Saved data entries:
▬▬▬▬▬▬▬▬▬▬

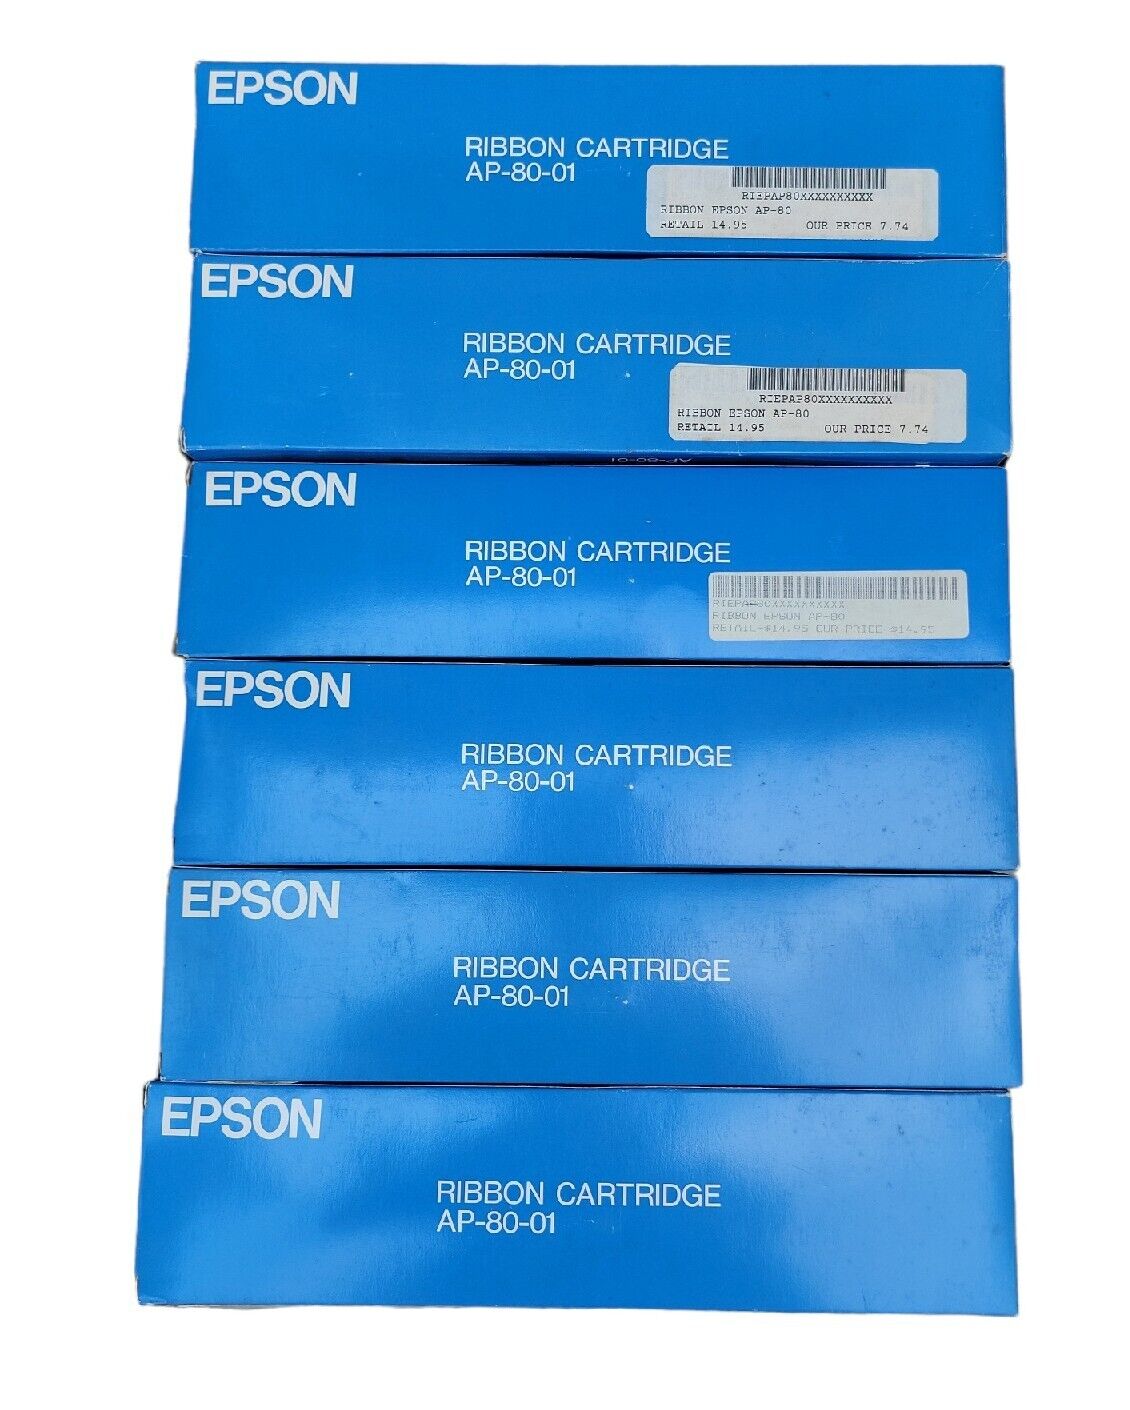 EPSON Original Ribbon Cartridge AP-80-01 Lot Of 6 Catridges AP-80
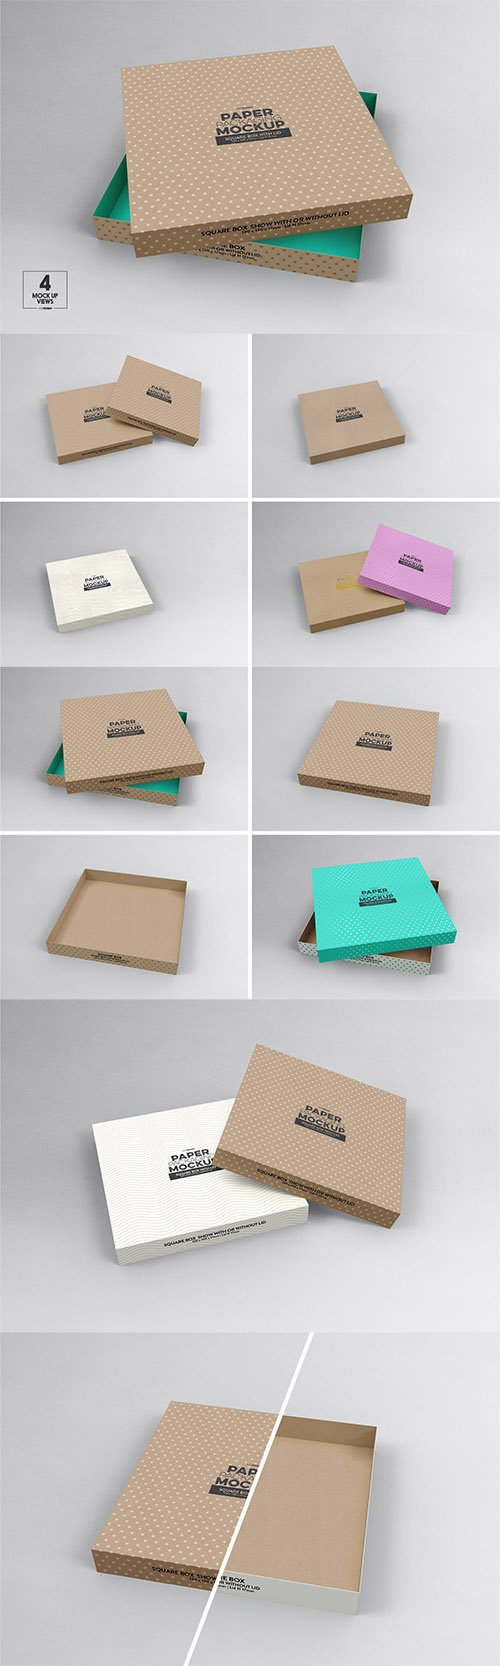 Medium Square Paper Box & Lid Mockup
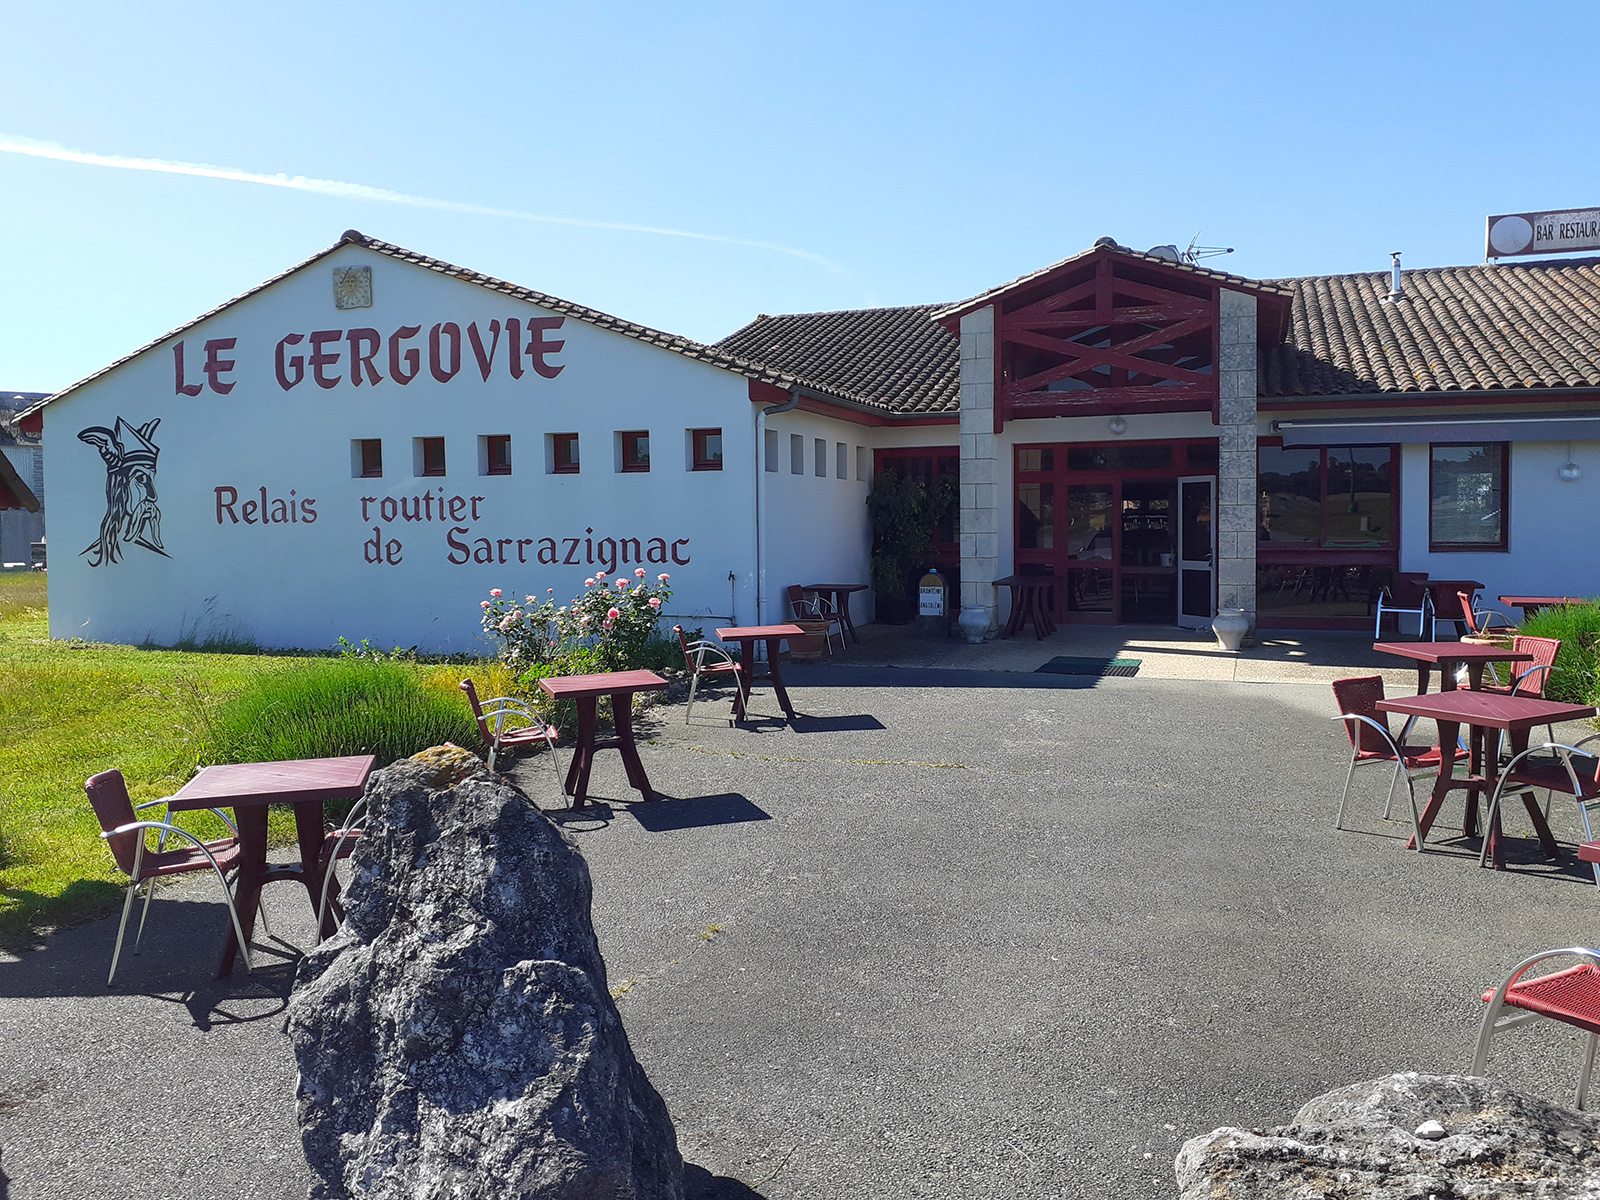 LE GERGOVIE - Restaurants in Brantôme - Guide du Périgord
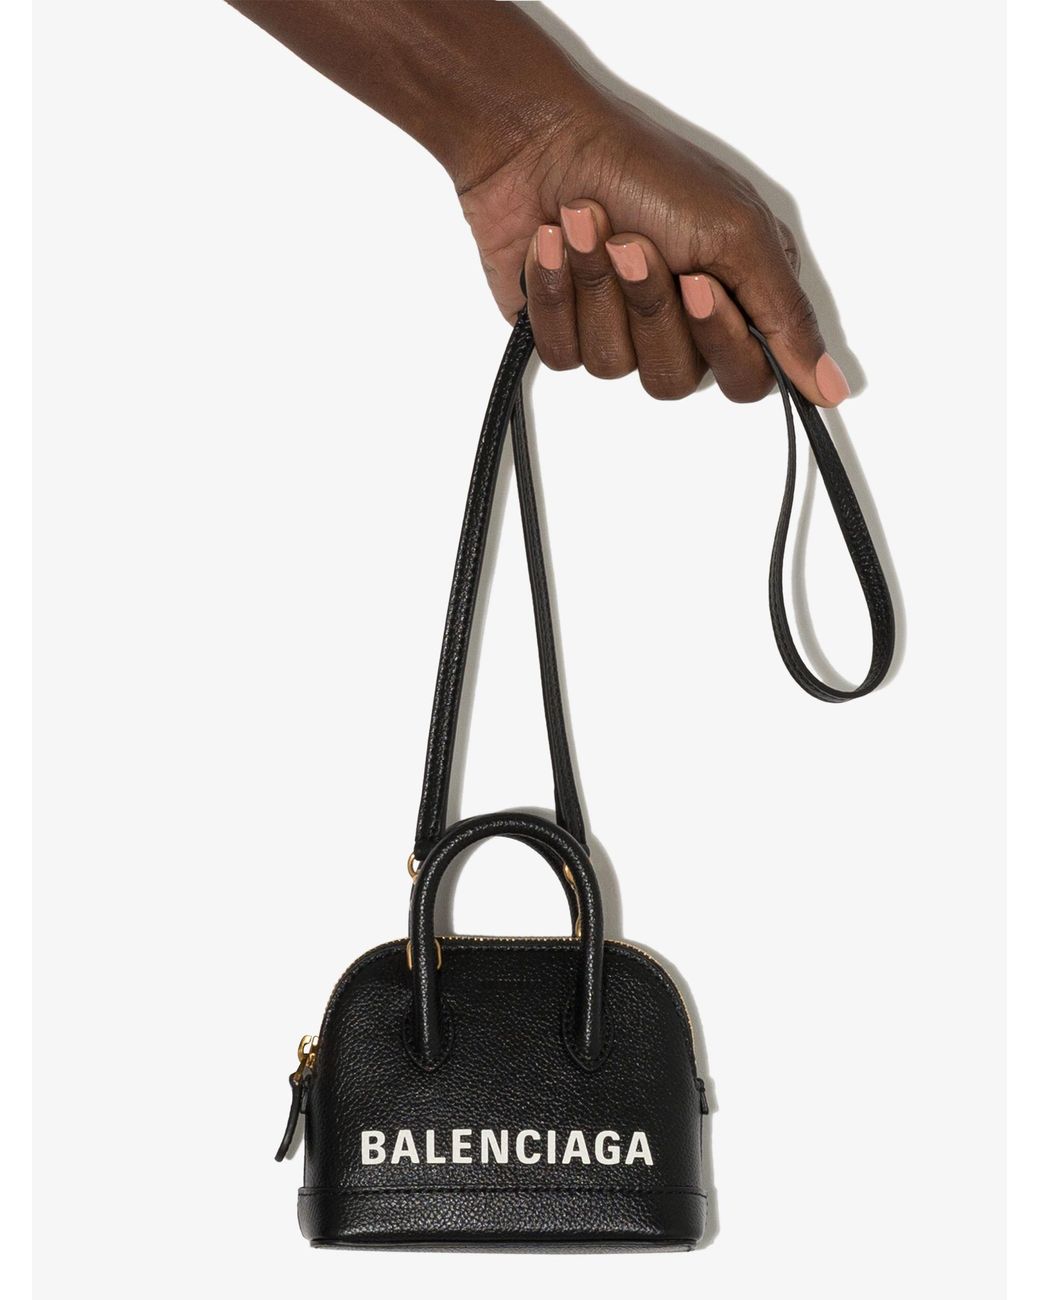 Balenciaga Ville Xxs Leather Top Handle Bag in Black | Lyst
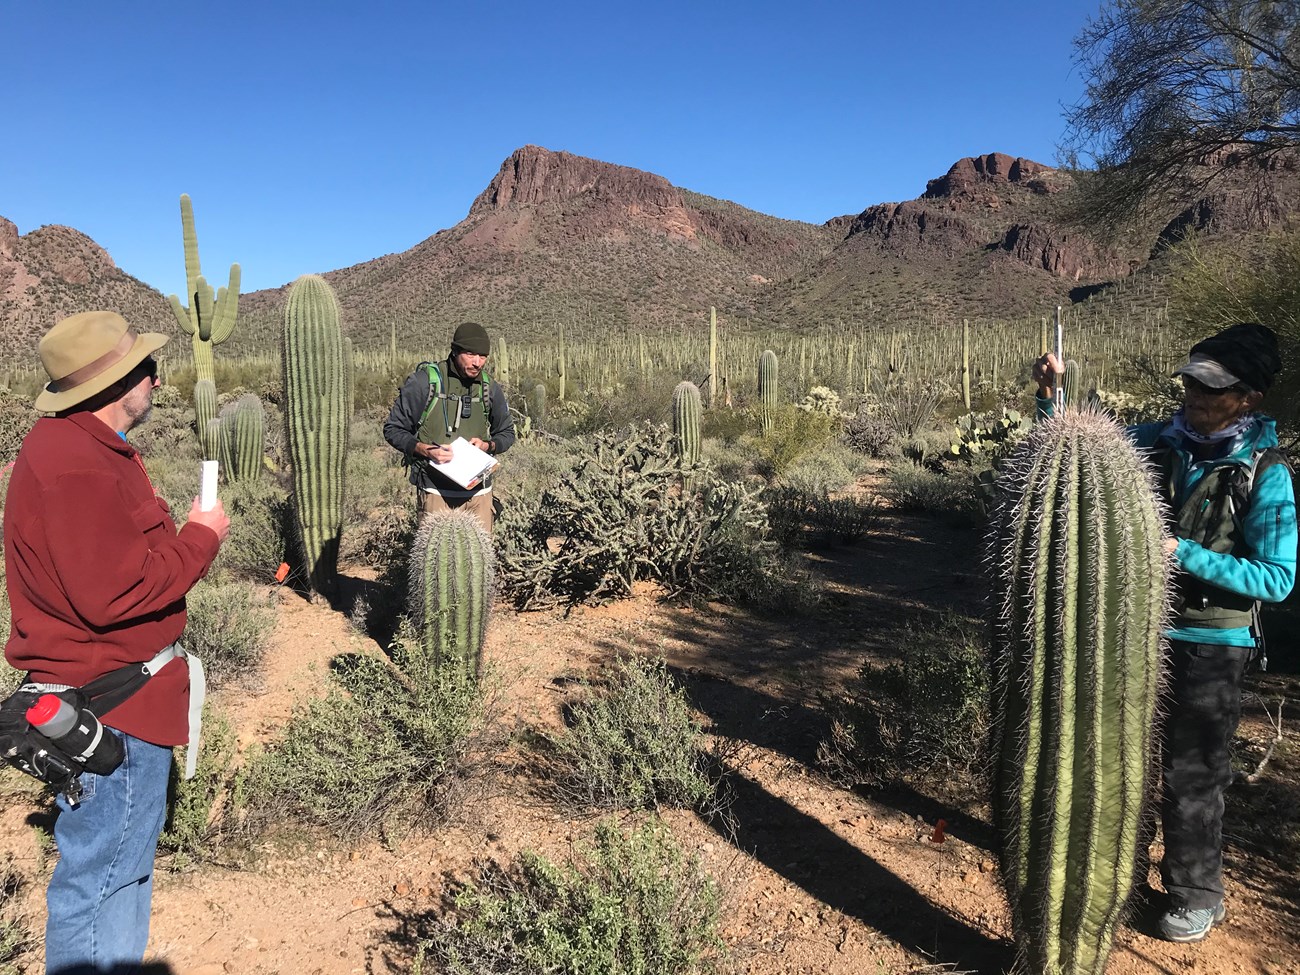 Volunteers measuring the height of a saguaro.

▬▬▬▬▬▬▬▬▬▬

WORK TASK
Your answer must be an exact repeat of the records above, with the pictures left out.

ANSWER BOX
 EPSON Original Ribbon Cartridge AP-80-01 Lot Of 6 Catridges AP-80
 Medium Square Paper Box & Lid Mockup
 LE GERGOVIE - Restaurants in Brantôme - Guide du Périgord
 Balenciaga Ville Xxs Leather Top Handle Bag in Black | Lyst
 Volunteers measuring the height of a saguaro.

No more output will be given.